The 3D technology landscape
The continued scaling of microelectronic circuits has allowed the creation of extremely complex systems-on-chip (SOC). At the same time, several specific applications (such as high density memory, high voltage, analog signaling and sensors) have driven technology developments in various directions. In this complex landscape, on the one hand, many electronic systems still consist of a multitude of components that are packaged individually and interconnected using conventional printed circuit boards. On the other hand, more advanced 3D integration and interconnect technologies have emerged, reducing the size of the electronic systems, and enabling faster and shorter connections between their sub-circuits. These abilities have made 3D integration one of the techniques that will allow the industry to keep pace with Moore’s Law.

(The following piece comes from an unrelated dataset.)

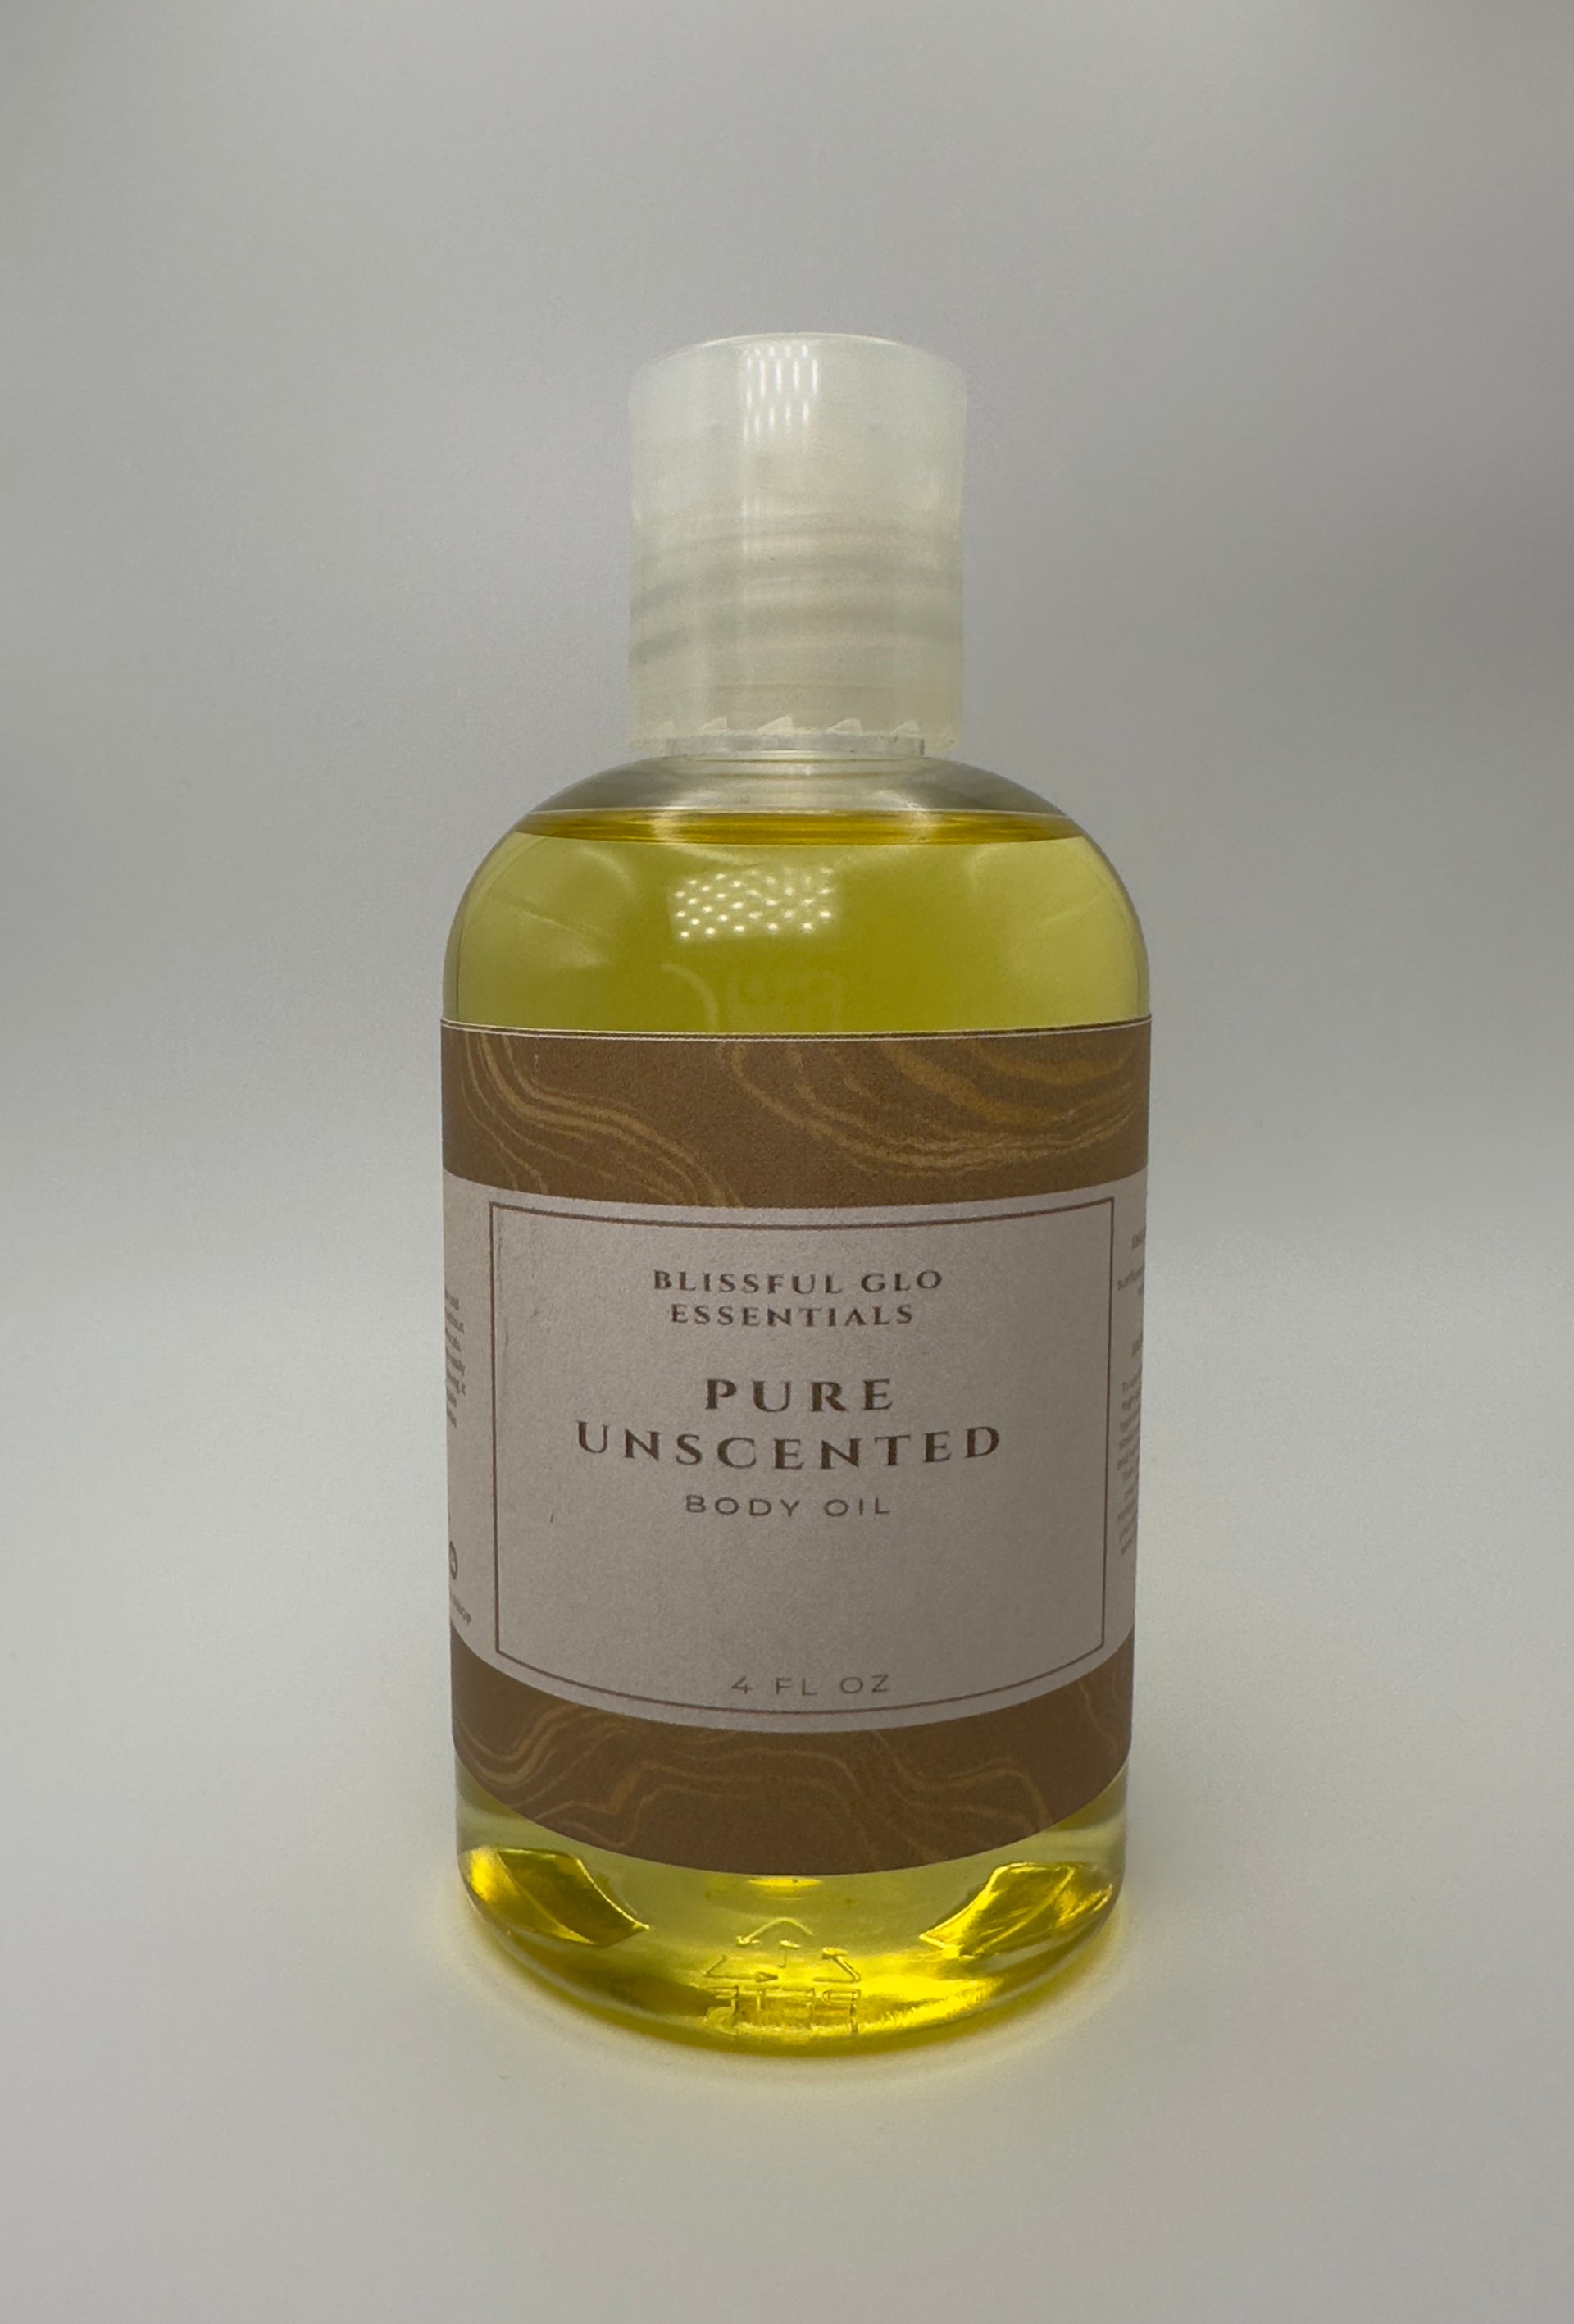 Unscented Body Oil / Ultra Moisturizing / Premium Blend #09 by pureSCRUBS®

In this 3D technology landscape, several classes of 3D integration can be defined. The main difference between these classes is related to the level of partitioning, in other words: at which level in the interconnect hierarchy the systems are ‘cut’ into different pieces. Each of these classes requires different process schemes and 3D integration techniques, achieving progressively smaller contact pitches. A first class is what we call system-in-a-package (or SiP), where the partitioning is done at package level – by stacking packages on top of each other, or by integrating multiple die in a single package. Among the technologies used to realize SiPs are package-to-package reflow and fan-out wafer level packaging, in combination with solder balls. Contact pitches of current solutions are rather coarse, in the 400 micrometer range. Imec’s research into new approaches to fan-out wafer level packaging intends to increase the interconnectivity of this class of SiP by a factor 100, targeting interconnect pitches of 40 micrometer. The technique is applied for example for mobile applications such as smartphones. In a second class, called 3D stacked IC or 3D-SIC, the partitioning is done at die level and individual dies are stacked on top of each other. 3D-SIC partitioning is achieved using die-to-interposer stacking or die-to-wafer stacking, where finished dies are bonded on top of a fully processed wafer. Dies are interconnected using through-Si vias and microbumps. In the industry, microbump pitches down to 40 micrometer are achieved today. Imec’s research goal is to bring this pitch down, well below 20 micrometer, as such increasing the interconnectivity by one to two orders of magnitude. A typical application example is wide I/O memory, where vertically stacked DRAM chips (3D-DRAM) are connected on a Si interposer together with a logic die and an optical I/O unit.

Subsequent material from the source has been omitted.